After relaying the whole sorry business, there was a silence into which I poured a diatribe of self loathing, concluding
: “I'm sorry I've let us down M8. Are you ashamed of me?”

 

A deep sigh
.
“No M8, not at all. It was an act of impotence and rage. Bless your poor old head”.

 

“I can't spin this one M8”.

 

“You have already”.

 

“How?”

 

“Look, Nancy is now filed right next to a shameful and humiliating act. Hopefully, this will be your abiding association. You don't want to think of the act, ergo you can't think of Nancy. You've liberated yourself”.

 

“Thanks M8”.

 

There was logic in this, but what really gnawed at me was what Nancy's abiding association would be. I was a stupid bitch, just as my mother had always said.

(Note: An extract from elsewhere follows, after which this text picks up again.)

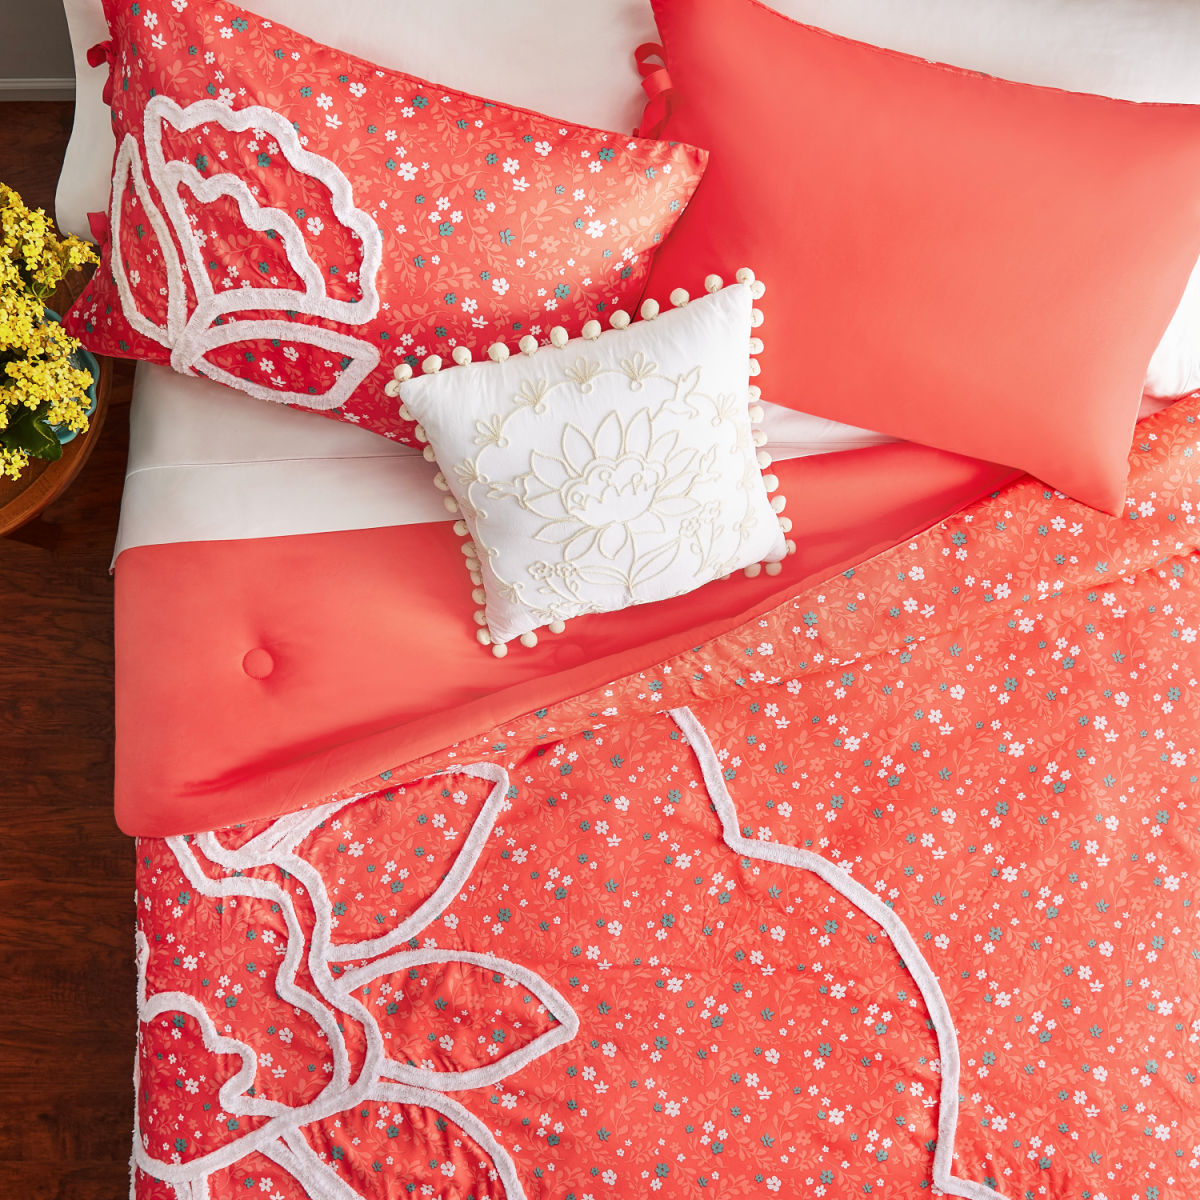 The Pioneer Woman 4-Piece Floral Comforter Set
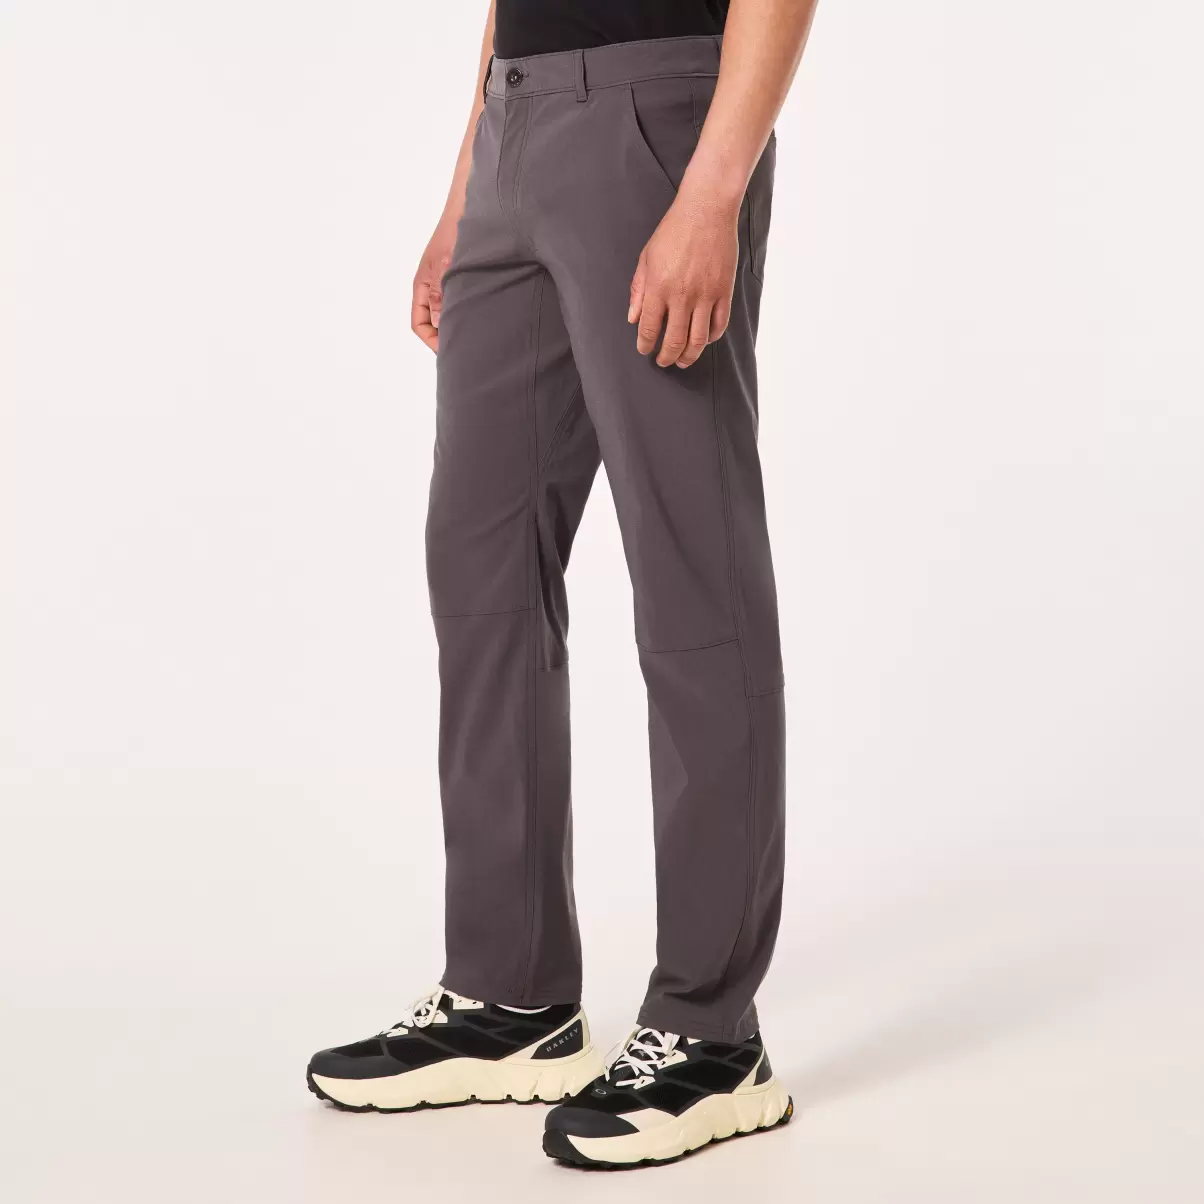 Men Oakley Perf 5 Utility Pant 2.0 Pants Forged Iron - 1

Unfolding the corkscrew attachment on my Swiss army knife, I punctured the skin on my right thigh nine times and twice on my left.

 

When I got home the following evening, a single tendril waved from underneath the bags of rubbish heaped upon it. Scaling the low brick wall, I hooked the bags out and hauled the ailing plant to safety.

 

“You don't deserve to die for my sins” I told it, carrying it in my arms like a fallen comrade. I set it in a pot on my balcony and after dressing it in fresh peat, I amputated its damaged extremities to give it a fighting chance.

 

 

During the following months, I gave Palladian Road a wide berth. Once, Nancy and I had passed each other in the car and she'd stared ahead, her hands firmly gripping the steering wheel. My heart still drummed for her.

 

That night I dreamed of her. Inside 12 Palladian Road, no glass in the windows and the curtains snapping raggedly in the wind. There were children sounds upstairs and I was panic stricken in case she came home and found me. From the window, the garden loomed like a derelict stage set: the deck rotted, the fencing sagged and the grass a mud patch. The ratchet of the Saab's handbrake. I tried to flee, but was rooted. Trying to concoct a plausible reason for my trespass, I scanned the room for a hiding place, but it was too late. Keys jingled as she stooped to pick up the mail, walking past me, studying the envelopes, her heels tick-tocking on the floorboards.

 

'She can't see me' I thought wildly. But then placing the letters on the table, she lifted her eyes to mine. The fear in me hot and palpable as she approached with a strange, sincere expression, reining something in, like exasperation, brushing my flaming forehead with the back of her hand as if testing for a temperature. She parted my lips with her fingers and opening my mouth, pressed something on my tongue. She pushed my chin up and my teeth met with a clap. The thing in my mouth, metallic - the Russian wedding ring. Eyes burning into mine. 'Now shut up' they said. 'Enough'.

 

I woke up with the sour memory of three types of gold.